Figure 5. Tim-1^QGQ expression enhances early signaling events downstream of TCR/CD28 independent of the rate of TCR internalization.

(A) Jurkat T cells transfected with empty vector (EV), Flag-Tim-1, or Flag-Tim-1^QGQ were stimulated with anti-TCR and anti-CD28 antibodies for the indicated times. Lysates were analyzed by SDS-PAGE and western blotting for pY (4G10), pSrc (Y416; analogous to Y394 in Lck), and β-actin. (B) Jurkat T cells were stimulated with anti-CD3 mAb for the indicated times. CD3 expression was measured with flow cytometry and mean fluorescence intensity (MFI) was determined in FloJo. Dynasore (DS, 80 µM) was used to prevent clathrin-mediated endocytosis after TCR/CD3 crosslinking.

Since two previous reports demonstrated an association between Tim-1 and CD3^33,35, another possible explanation for the enhanced tyrosine phosphorylation in Tim-1^QGQ expressing cells was that Tim-1^QGQ might increase the levels of surface TCR/CD3 and/or slow the rate of TCR/CD3 internalization. To address this possibility, we stimulated Jurkat cells expressing WT or mutant Tim-1 with anti-CD3 antibody, and measured the levels of CD3 surface expression by flow cytometry. As expected, after antibody crosslinking, CD3 surface expression decreased over time (Figure 5B). T cells expressing WT Tim-1 or Tim-1^QGQ displayed equivalent rates of TCR internalization, although starting levels of TCR/CD3 varied somewhat (Figure 5B). Thus, impairment of TCR/CD3 down-regulation does not appear to be the mechanism behind the increased tyrosine phosphorylation in T cells expressing Tim-1^QGQ after CD3 crosslinking.

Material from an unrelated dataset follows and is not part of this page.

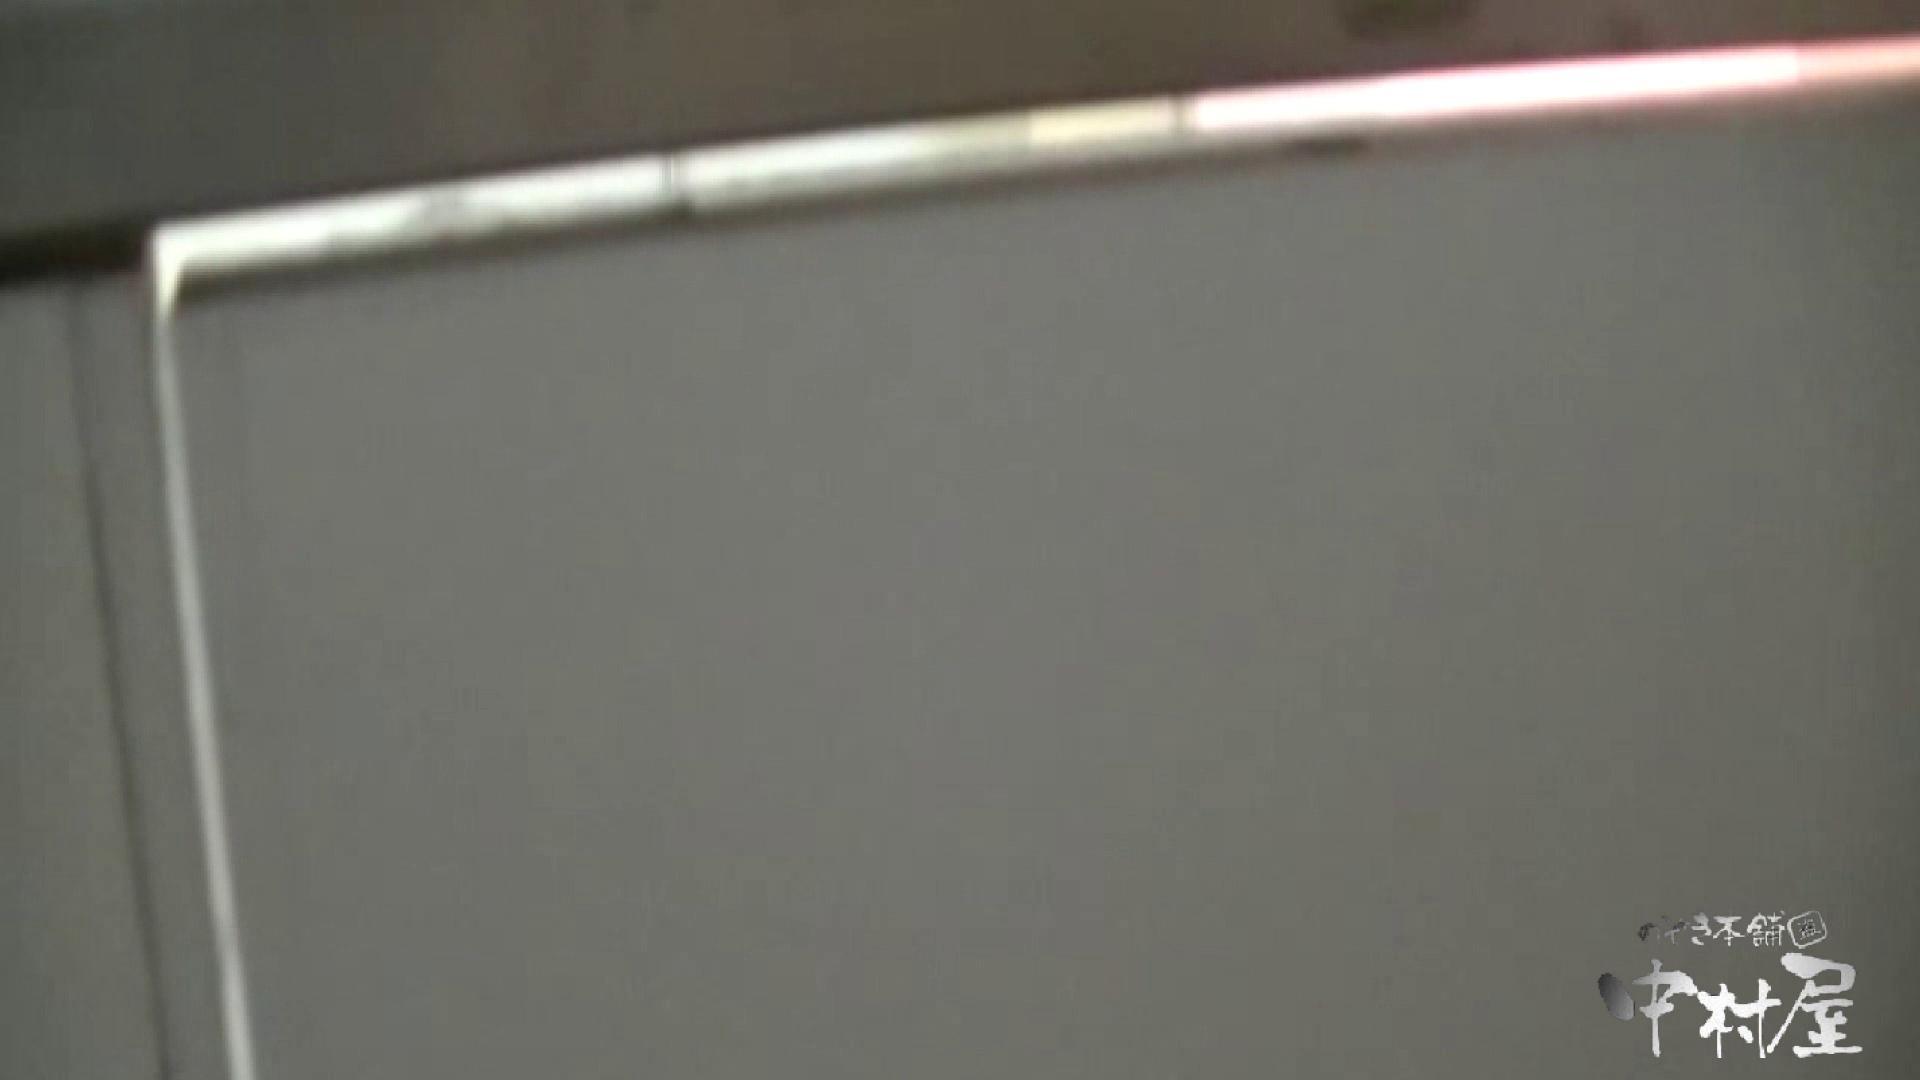 始動します‼雅さんの独断と偏見で集めたVIP限定 動画集Vol.2 期間限定   HなOL  90pic 20

Tim-1^QGQ is impaired in co-stimulation of inducible transcription and cytokine production

Next, we examined the effects of altering Tim-1 localization on TCR-induced transcription and cytokine production. As we demonstrated previously, ectopic expression of WT Tim-1 leads to increased TCR-induced activation of an NFAT/AP-1 transcriptional reporter^18,34. However, Tim-1^QGQ was not able to enhance NFAT/AP-1 activation (Figure 6A). Furthermore, while expression of WT Tim-1 is associated with enhanced cytokine production, expression of Tim-1^QGQ is not (Figure 6B–D). Consistent with a role for ERM protein binding to the KRK motif in Tim-1, a dominant negative ERM construct also suppresses the ability of WT Tim-1 expression to enhance transcription or cytokine production (Figure 6). These findings suggest that Tim-1 interaction with ERM proteins, with proper subsequent localization of Tim-1, plays a role in Tim1-mediated transcriptional activity and cytokine production.

Figure 6. Altered Tim-1 localization impacts inducible transcription and cytokine production.

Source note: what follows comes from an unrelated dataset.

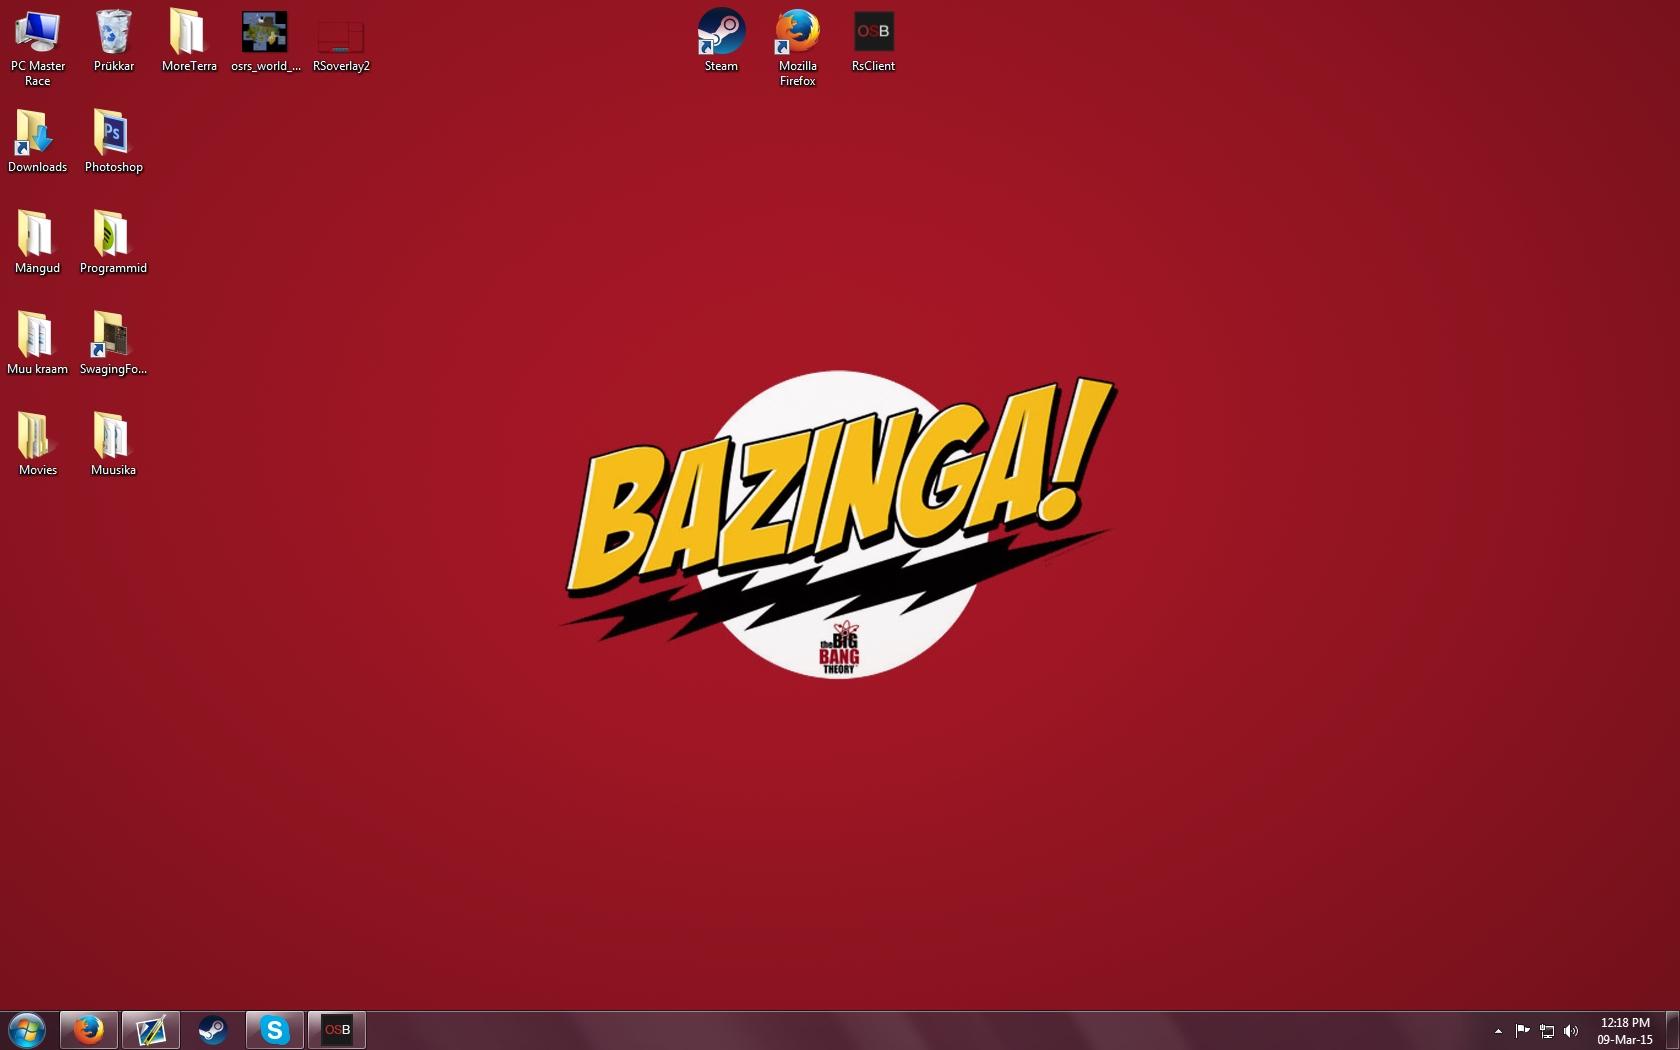 Postita enda arvuti Desktop - Page 2 35e0f9768a1ecc46994f49044d3cf060

(A) D10 cells were transfected with an NFAT/AP-1 reporter, along with empty vector, WT or mutant Flag-Tim-1 in the presence or absence of ERM-DN. The next day, cells were cultured for six hours in the presence or absence of CD3/CD4/CD28 stimulation before assaying for luciferase activity. (B) D10 T cells were transfected with empty vector, WT Tim-1, ERM-DN, or Tim-1^QGQ. Cells were stimulated with anti-CD3 or anti-CD3/CD28 antibodies for 24 hours. Cell-free supernatants were collected and assayed for TNF-α production by ELISA. (C) D10 T cells were transfected with empty vector, Tim-1, ERMDN, or Tim-1^QGQ. Cells were stimulated with anti-CD3 or anti-CD3/CD28 antibodies for 24 hours and IL-4 production was determined by ELISA. (D) Jurkat T cells were transfected with empty vector, Tim-1, ERMDN, or Tim-1^QGQ. Cells were stimulated with α-TCR or α-TCR/CD28 for 24 hours before IL-2 production was determined by ELISA. Data are presented as average values, +/- standard deviation, of duplicate samples from an individual experiment.